[[ Information provided, beginning ]]
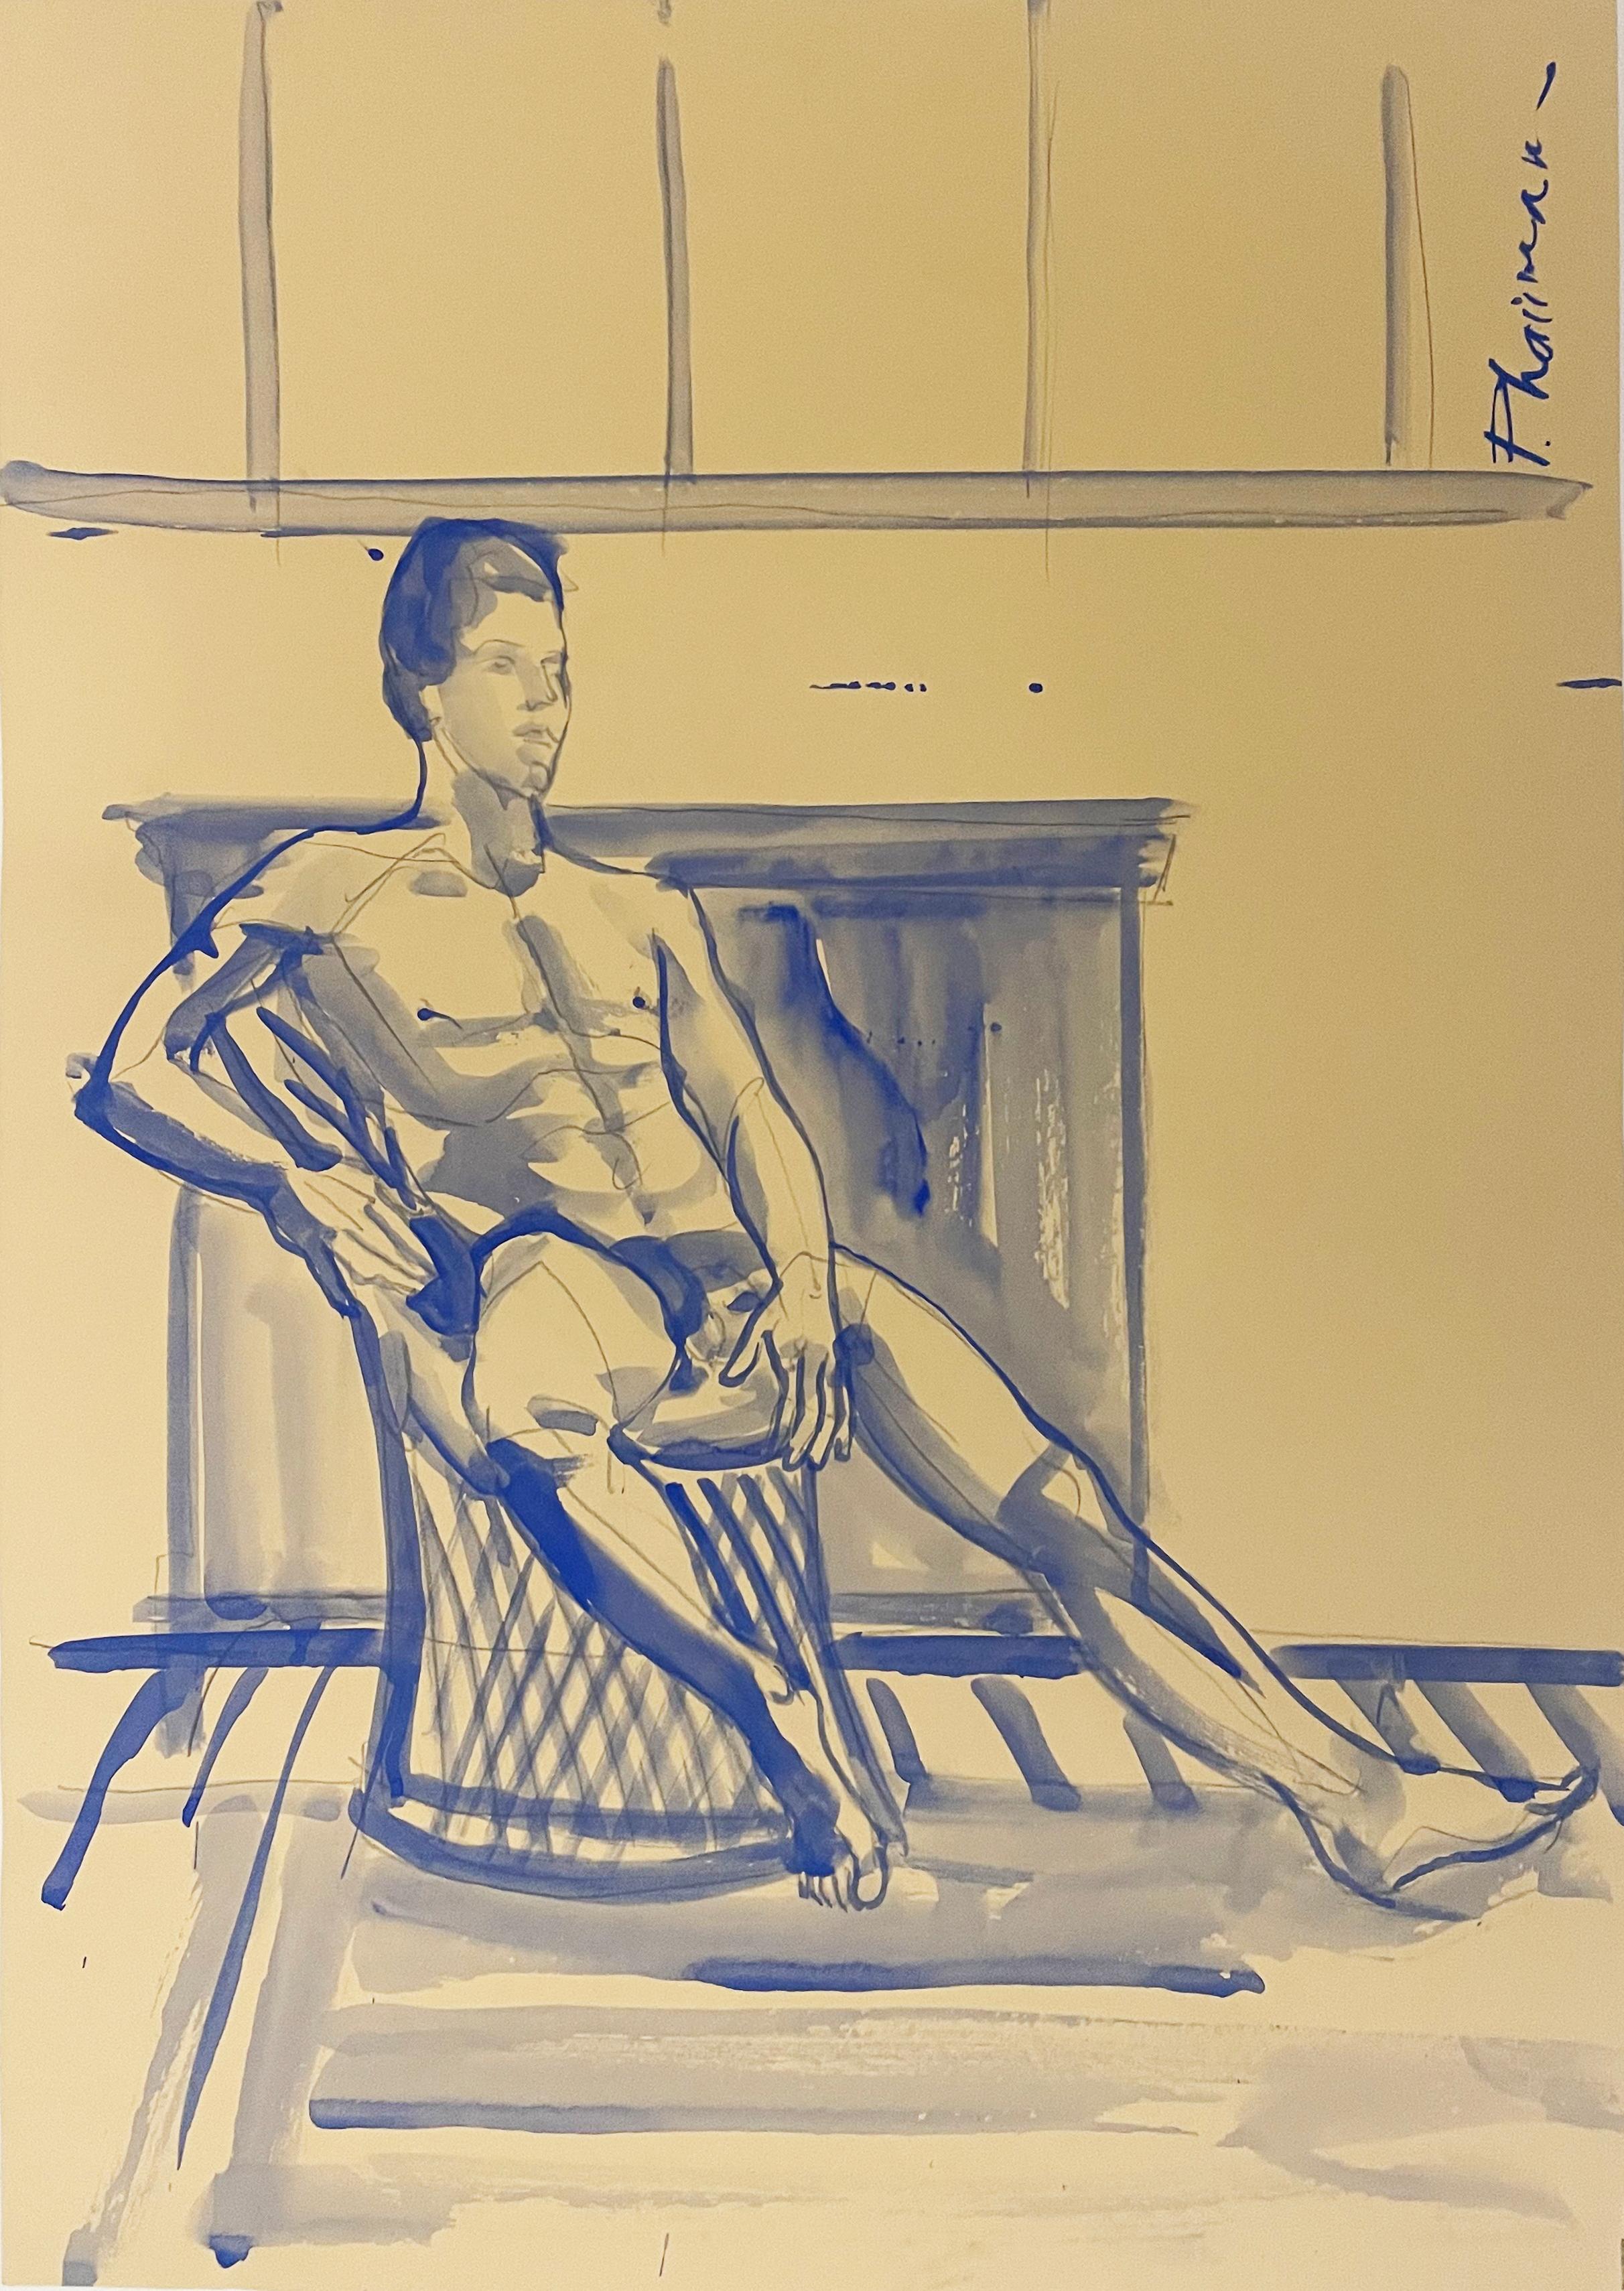 Zimmer mit Aussicht
Männlicher Akt, gemalt mit ultramarinblauer Tempera, inspiriert von Matisse.
70x50cm / 27.5x19.5in
Die Lieferung erfolgt in einer Rolle direkt vom Künstler.
Teil meiner früheren Serie Nackte Männer.

1st dibs bietet kostenlosen
[[ Information provided, end ]]
Work instructions: Your answer must consist only of the lines from the one containing "Die Lieferung erfolgt" through the last line of the data above, both included, exactly as written.

Exercise answer:
Die Lieferung erfolgt in einer Rolle direkt vom Künstler.
Teil meiner früheren Serie Nackte Männer.

1st dibs bietet kostenlosen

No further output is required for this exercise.